That stupid number on the scale is driving me right now because I SO badly want to get to ONEderland. Seeing the number on the scale every morning reminds me how close I really am. There have been days this week that I will literally say the number in my head over and over to remind myself what I really want.
So Wednesday the scale was up from Monday - not at all surprising and I wasn't even phased by it. Actually, since it was only up .8 from Monday it drove me to get right back on track and get it moving back down. I decided to go back into my tracker and estimate everything I ate on Tuesday. I was pleasantly surprised to see that I didn't even use all my weeklies so really I was still on track to meet all my goals this week.

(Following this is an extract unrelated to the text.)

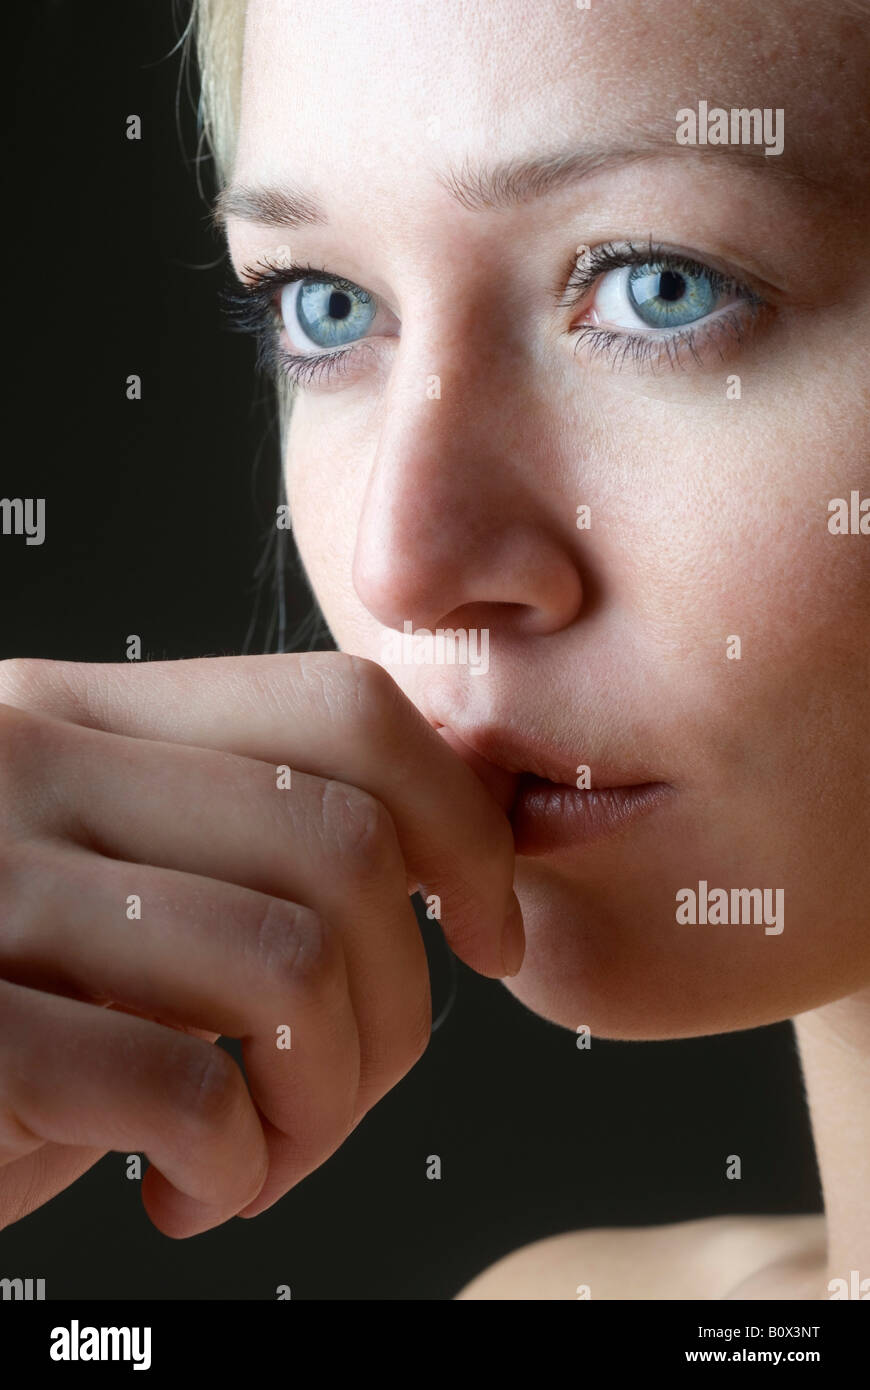 Close up of a woman biting her nail Stock Photo

Wednesday I ended my day having eaten only 15/23 points. That .8 was gone on Thursday morning. Again, motivation to keep going so that the scale keeps dropping this week.
Thursday I ended my day at 18/23 points. I got on the treadmill again and ran for 30 minutes without stopping, faster than I did on Tuesday. Friday morning the scale was down another .6. Motivation galore! Feeling so good about getting back on track after my Tuesday binge.

My mom and I decided to run on Saturday this week instead of Sunday because the weather was supposed to be better yesterday (which is also why today is a lazy Sunday for me). I got up to get ready for my run and got on the scale (of course). It was down yet again - a whole pound down from the day before! Guys, it was 200.4! Yesterday was the day that I recited that number in my head over and over again. I did it towards the end of our 6 mile run when I was ready to be done. I did it throughout the day when I was starving even though I had already eaten. I did it last night when I decided to go to bed instead of eating something even though I had been hungry all day (one of those days that nothing was touching my hunger). I ended yesterday at 20/23 points on the day.
I was and am SO proud of myself. When I got on the scale this morning I was
I have been eating more today because I'm still hungry. I really think on a day I run 6 miles I have to eat more than I did yesterday. I think my body was actually telling me I was legitimately hungry and I was trying my best to ignore it. Although I failed at ignoring it, I didn't feed it.